Keempat, K/L, TNI, POLRI dibantu Satgas Penanganan COVID-19 Bandara dan Pelabuhan Laut cq. KKP Bandara dan Pelabuhan Laut Internasional melakukan pengawasan rutin untuk memastikan kepatuhan pelaksanaan protokol kesehatan dan karantina mandiri melalui fasilitas telepon, panggilan video, maupun pengecekan di lapangan selama masa pandemi СOVID-19 ini.
Dan kelima, instansi berwenang (K/L, TNI, POLRI, dan pemda) melaksanakan pendisiplinan protokol kesehatan COVID-19 dan penegakan hukum sesuai ketentuan peraturan perundang-undangan yang berlaku. “Dengan berlakunya Surat Edaran ini, maka Surat Edaran Nomor 18 Tahun 2021, Addendum Surat Edaran Nomor 18 Tahun 2021, dan Addendum Kedua Surat Edaran Nomor 18 Tahun 2021, dicabut dan dinyatakan tidak berlaku,” pungkas Ketua Satgas Penanganan COVID-19 Ganip Warsito.
Peran Polri Sangat Penting
Dalam hal pemantauan, pengendalian dan evaluasi bahkan sampai penegakan hukum dala hal ketentuan karantina ini jelas terlihat betapa Polri memegang peranan sangat penting. Polri memiliki wewenang penuh untuk menegakkan peraturan sesuai SE tersebut. Jadi intinya, segala ketentuan ini tetap bermuara ke wewenang Polri untuk mengakkannya. Mari kita pahami bersama.
Kabar selebgram Rachel Vennya yang kabur bersama kekasihnya, Salim Nauderer menuai kontroversi. Terlebih, banyak pihak menyayangkan sikapnya yang memilih tak karantina di RS Wisma Atlet usai kepulangannya dari Amerika Serikat. Ada diskresi ?

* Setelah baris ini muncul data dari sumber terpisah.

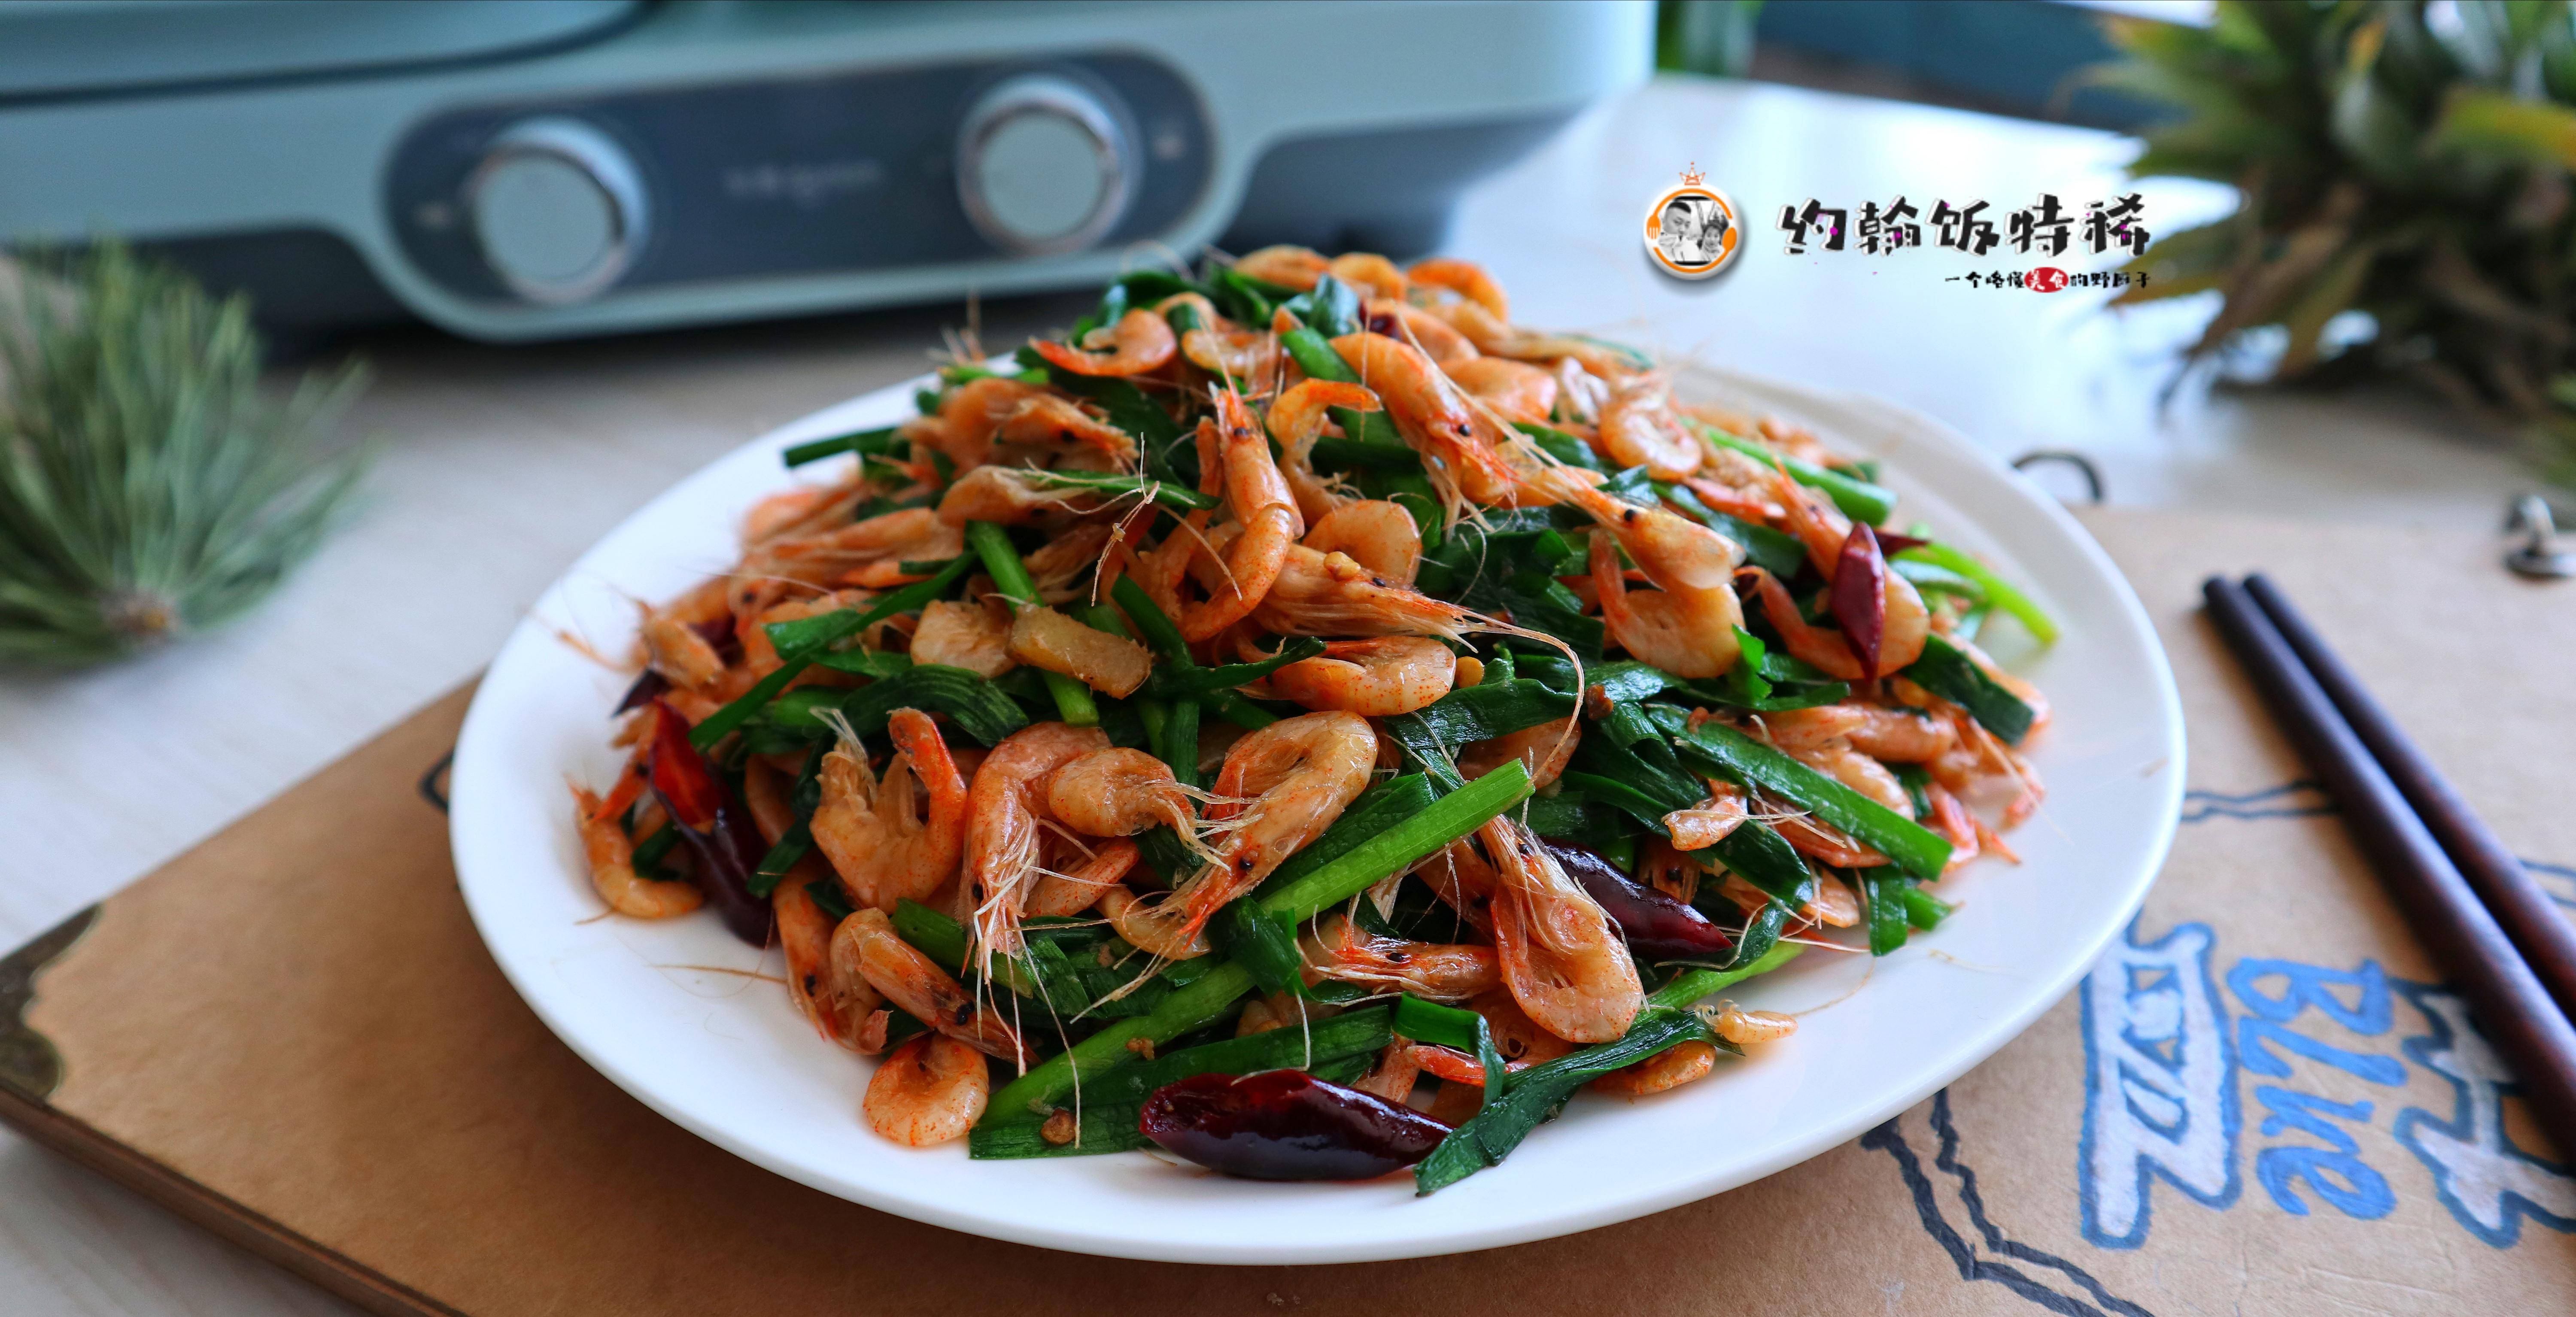 原创小白虾炒韭菜一道让人着迷的家常菜做法简单食材不贵
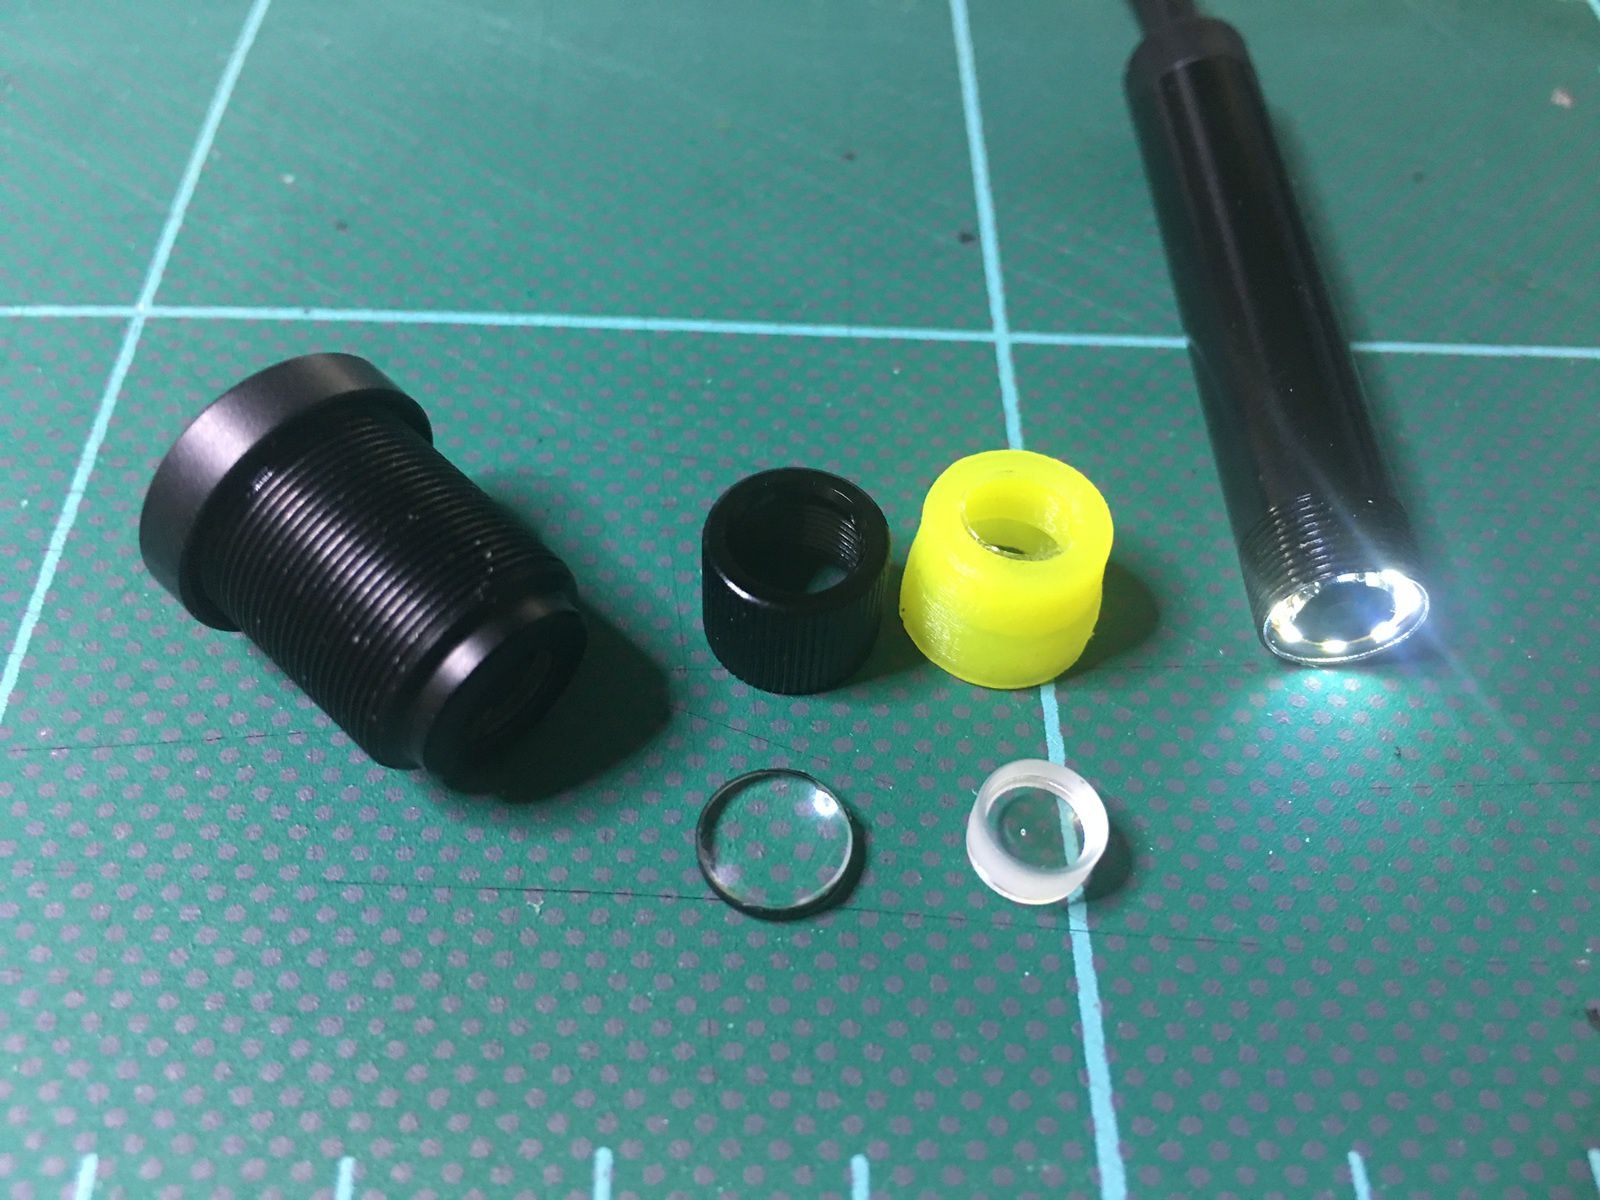 Dans l'ordre de gauche à droite, une lentille complete de Webcam PC : contient plusieures lentilles convexes et concaves, la lentille convexe et embout noir, la lentille concave et embout jaune, la tête d'endoscope

Banyak pakar yang menyebut sikap yang diambil Rachel Vennya sangat berisiko menulari virus pada masyarakat luas. Pihak Kementerian Kesehatan (Kemenkes) sendiri menegaskan bahwa pemberlakuan karantina wajib dilakukan oleh siapa pun, termasuk selebgram seperti Rachel.
“Ditegaskan bahwa ketentuan ini berlaku bagi seluruh pelaku perjalanan internasional yang akan memasuki wilayah Indonesia tanpa terkecuali. Untuk itu, harus diikuti dengan sebaik-baiknya sebagai bagian dari langkah pencegahan terhadap penyebaran COVID-19,” tulis akun Twitter resmi Kemenkes RI, dikutip Senin, 18 Oktober 2021.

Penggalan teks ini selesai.